Add the following line of code at the end of your script to play the audio whenever the button is pushed:
Push the button after running the software. If you don't hear the sound, double-check your button's connections.
Add code to the three remaining buttons to have them play their audio.
For the second button, you may use the code below.
Good code is clear, intelligible, tested, never overly convoluted, and does the task at hand.
You should be able to run your code with no issues. However, once you have a working prototype, it's typically a good practice to tidy up your code.
Subsequent stages are entirely optional. If you're satisfied with your writing, leave it alone. Follow the instructions on this page and make your code a little cleaner.
Instead of creating eight individual objects, you may keep your pushbutton objects and audio in a dictionary. These are, nonetheless, the seven characteristics of good code.
If you're writing one-time discard code that no one, including yourself, will have to see in the future, you may write in any way you like. However, the majority of useful software that has been produced has to be updated regularly.

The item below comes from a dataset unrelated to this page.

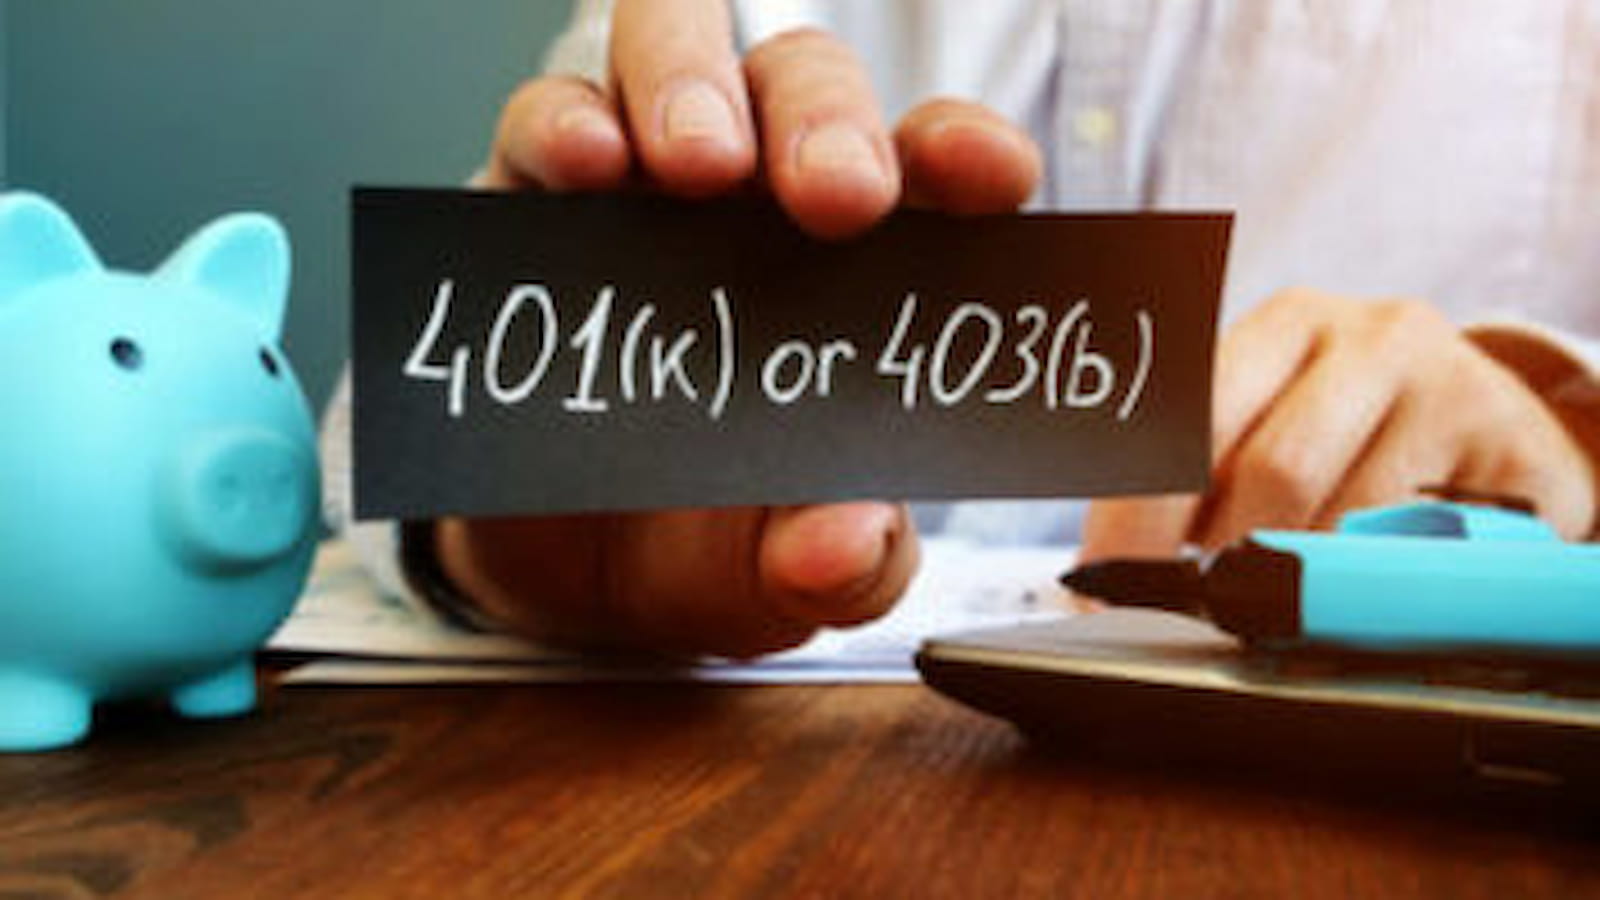 403b Vs. 401k What is the Difference?

The next important feature of excellent programming is scalability, or the capacity to expand with the demands of your organization. Scalability is primarily concerned with the code's efficiency. Scalable code doesn't always require frequent design changes to maintain performance and resolve various workloads.
Last-minute adjustments are unavoidable while developing software. It will be difficult to send new changes through if the code can not be rapidly and automatically tested.
Every piece of software that is built has a certain goal in mind. For persons familiar with the functionality, a code that adheres to its requirements is simple to understand. As a result, one important characteristic of excellent code is that it meets the functional requirements.
Mistakes and flaws are an inherent element of software development. You can't anticipate every conceivable manufacturing case, no matter how cautious you were during the design process. You should, however, shield your application against the negative effects of such situations.
This is an important feature of excellent coding. A reusable and sustainable code is extendable. You write code and double-check that it works as expected. Extensions and related advances can be added to the feature by modules that require it.
For every software application, reusable coding is essential and highly beneficial. It aids in the simplification of your source code and avoids redundancy. Reusable codes save time and are cheaper in the long term.
Learn how to create simple dictionaries and iterate over them by following the methods below.
First, establish a dictionary where the Buttons serve as keys and audio as values.
Whenever the pushbutton is pressed, you can loop through the dictionary to instruct the computer to play the audio:
We learned how to make a "music box" with buttons that play sounds depending on which button is pushed in this lesson. We also learnt how to interface our raspberry pi with buttons via the GPIO pins and wrote a python program to control the effects of pressing the buttons. In the following tutorial, we will learn how to perform a voice control on Raspberry pi.